-- DIRECTIONS FOR THIS TASK --
Print the data once more, exactly as given. Drop the pictures.

##### MATERIAL SUPPLIED #####

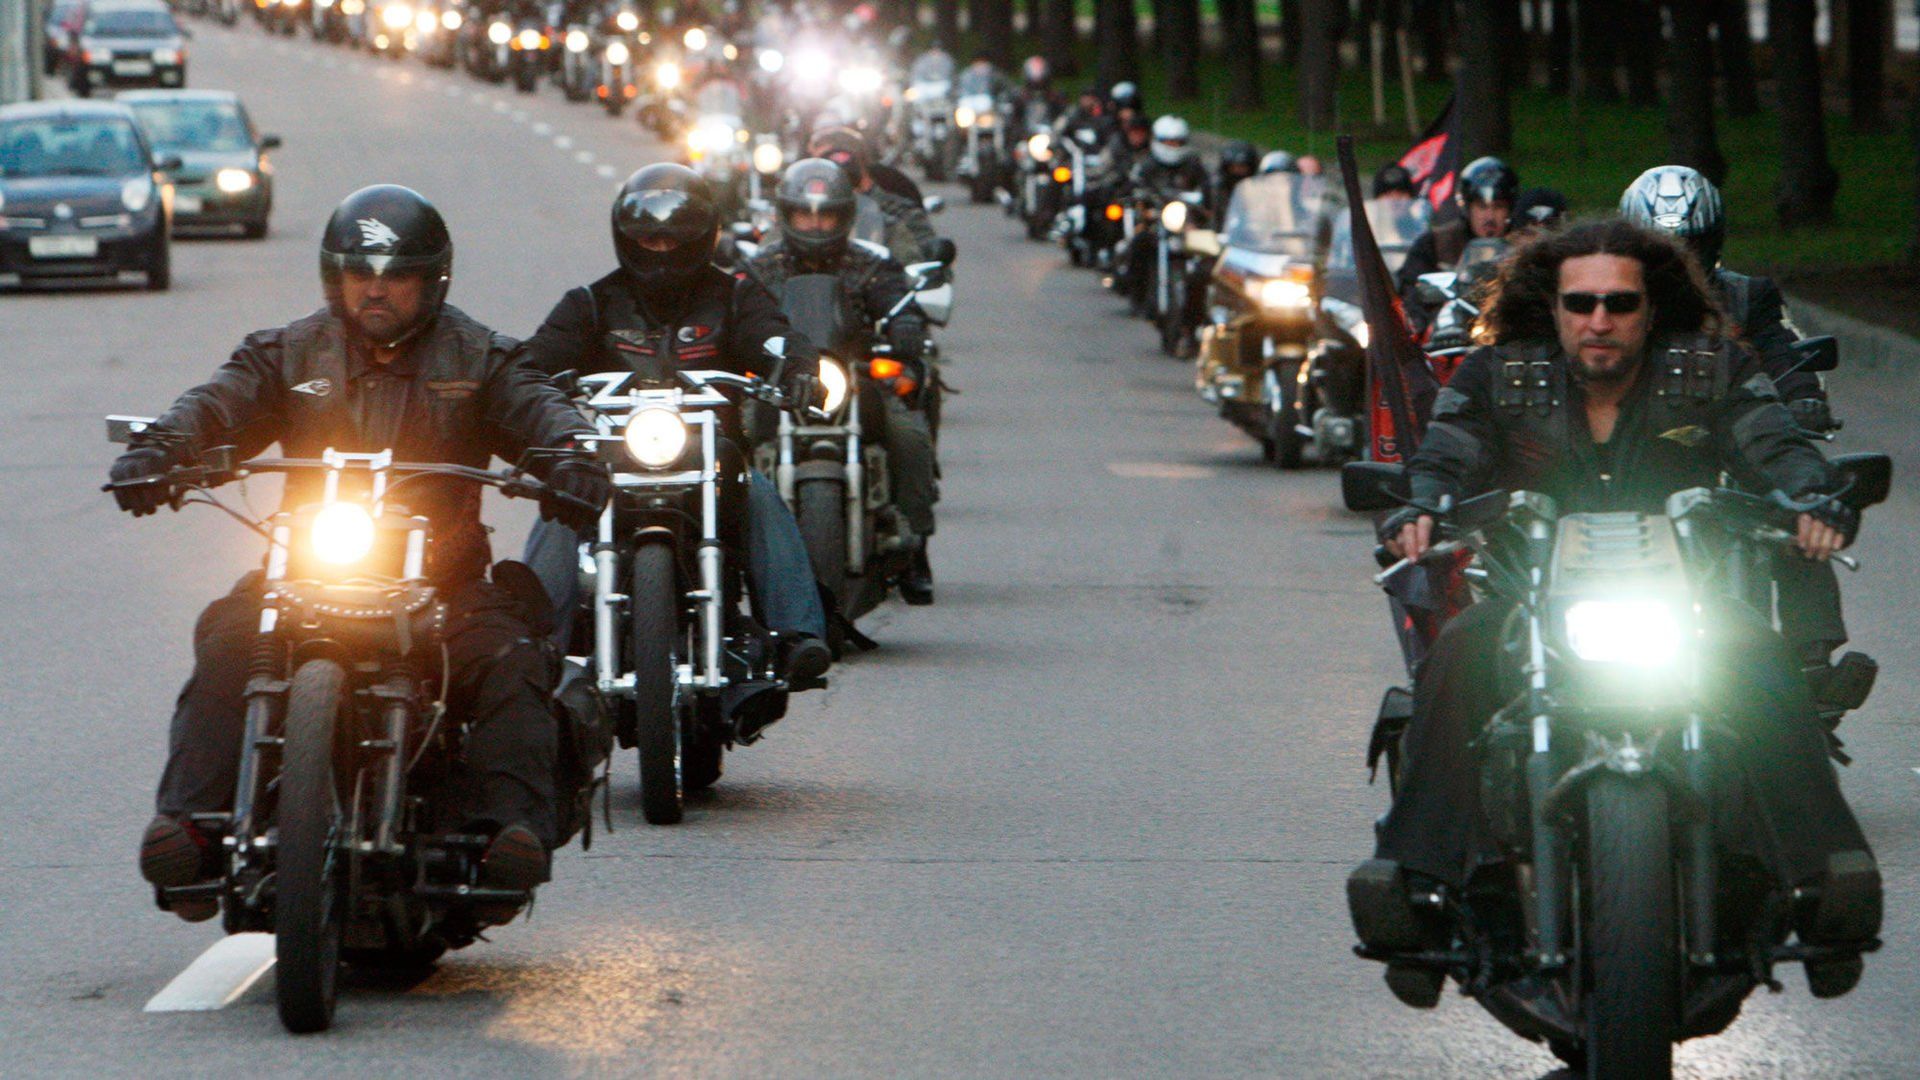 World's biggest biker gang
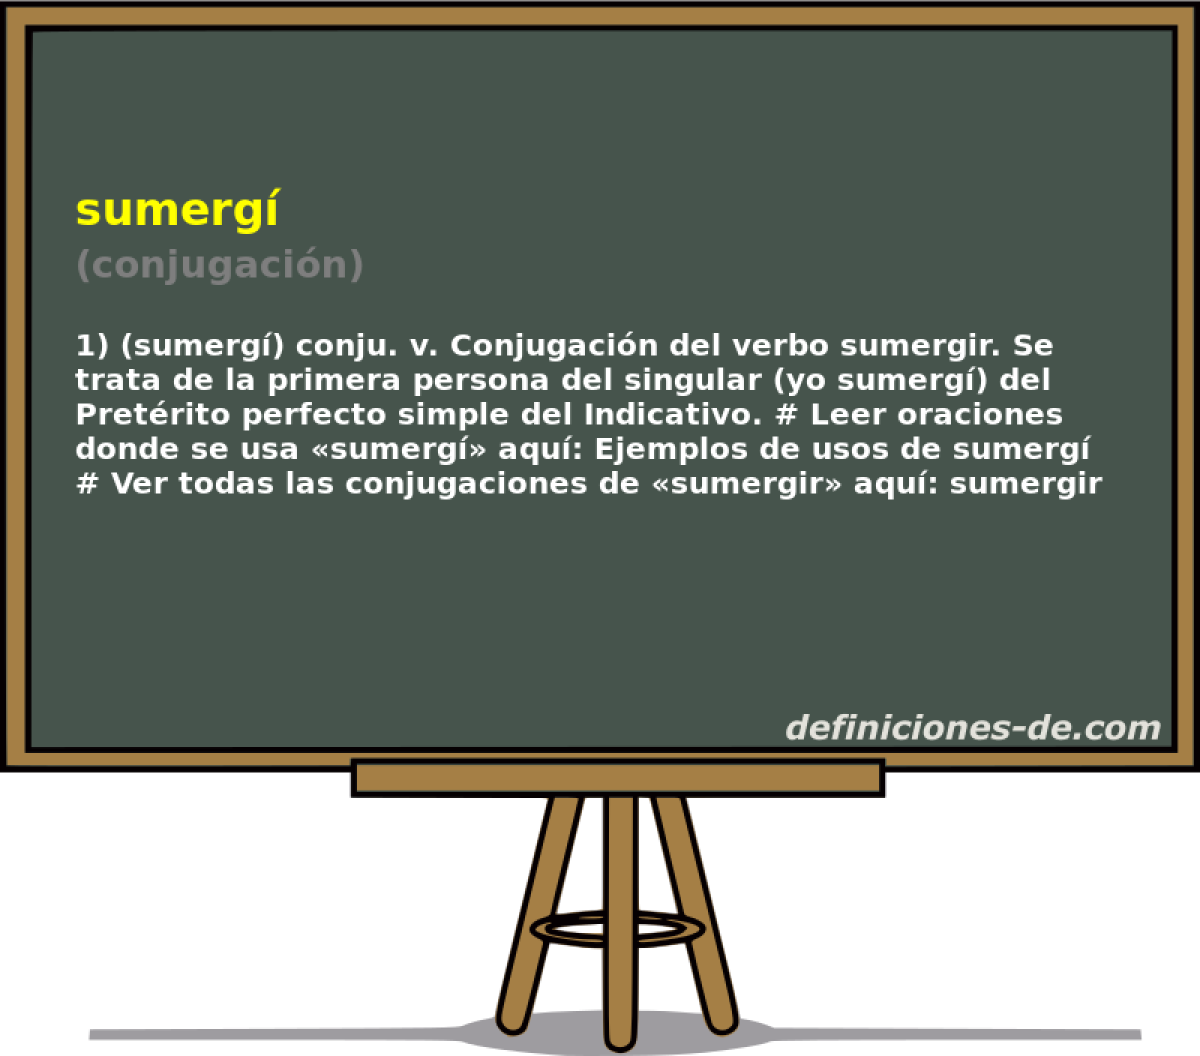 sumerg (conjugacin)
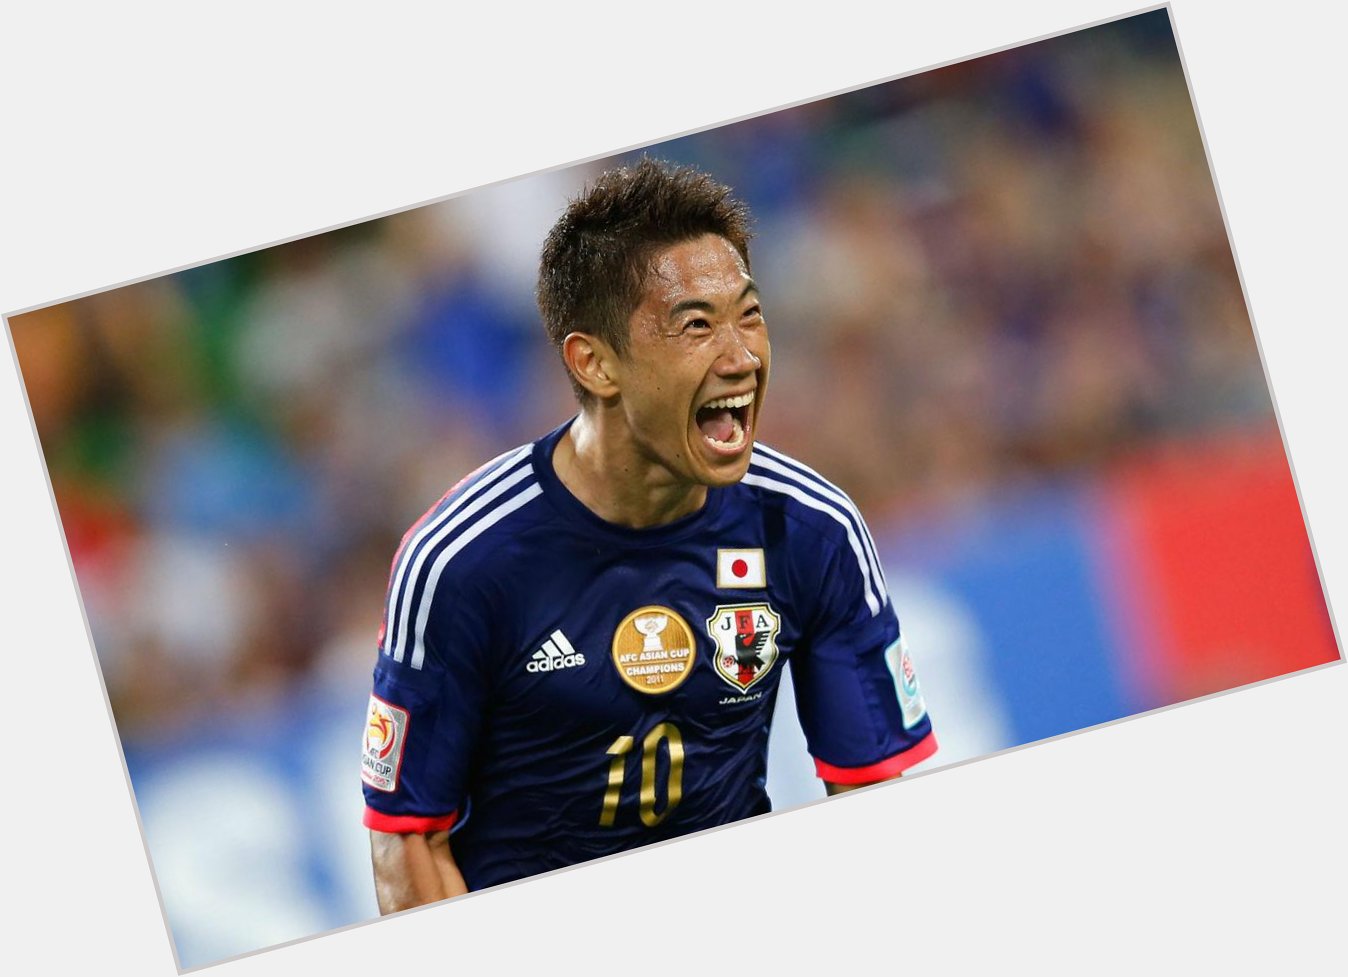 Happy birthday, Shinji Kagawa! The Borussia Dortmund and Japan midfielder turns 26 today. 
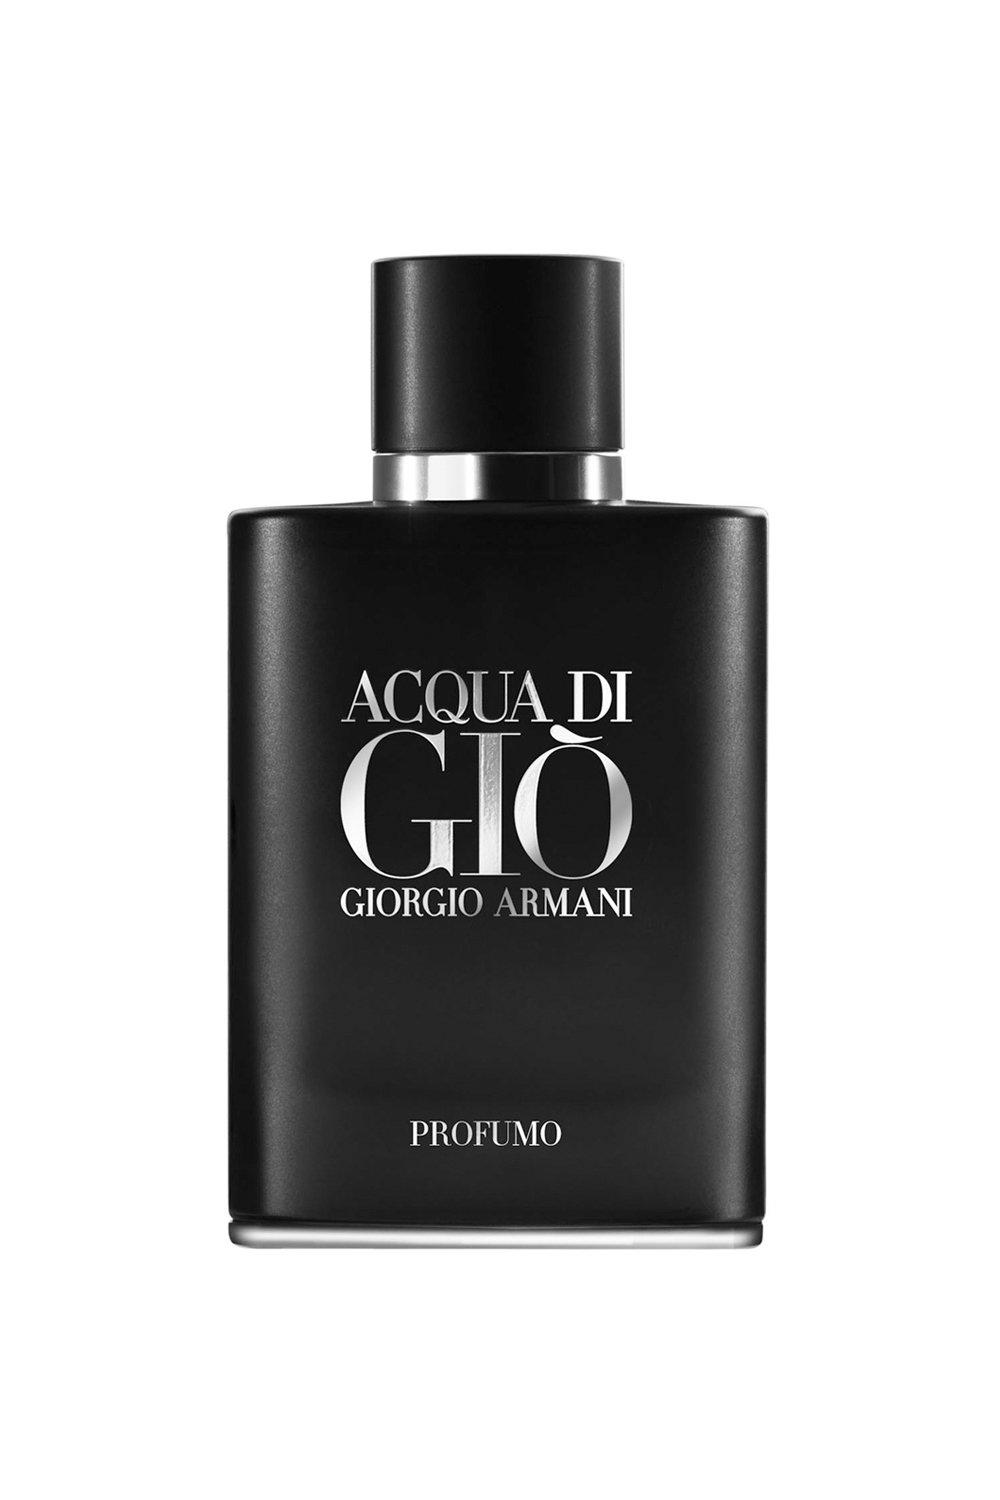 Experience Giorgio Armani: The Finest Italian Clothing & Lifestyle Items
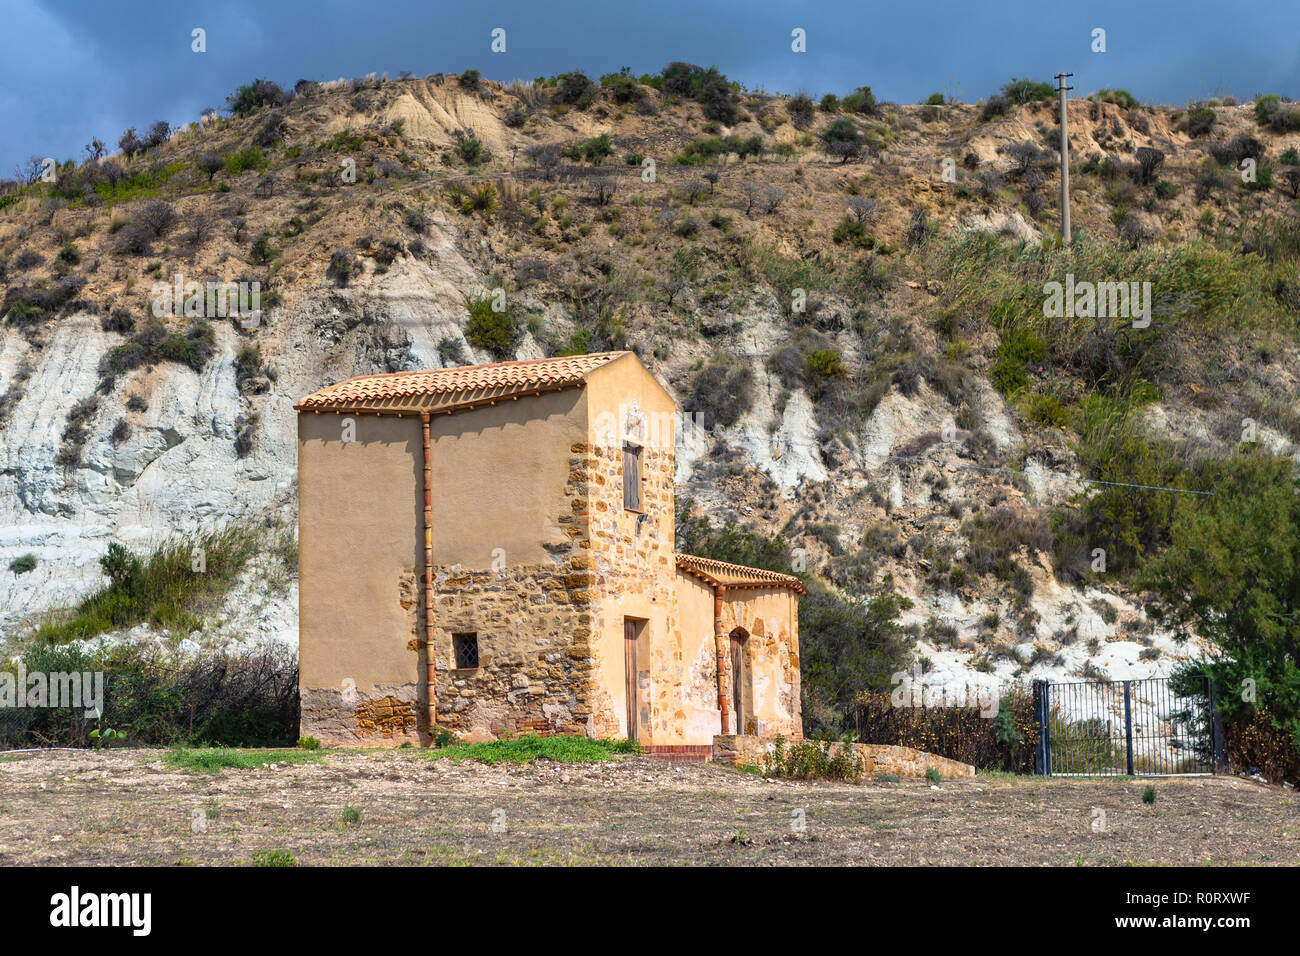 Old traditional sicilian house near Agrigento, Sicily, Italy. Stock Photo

#####

-- ANSWER FOR THE TASK --
 World's biggest biker gang
 sumerg (conjugacin)
 Happy birthday, Shinji Kagawa! The Borussia Dortmund and Japan midfielder turns 26 today. 
 Experience Giorgio Armani: The Finest Italian Clothing & Lifestyle Items
 Old traditional sicilian house near Agrigento, Sicily, Italy. Stock Photo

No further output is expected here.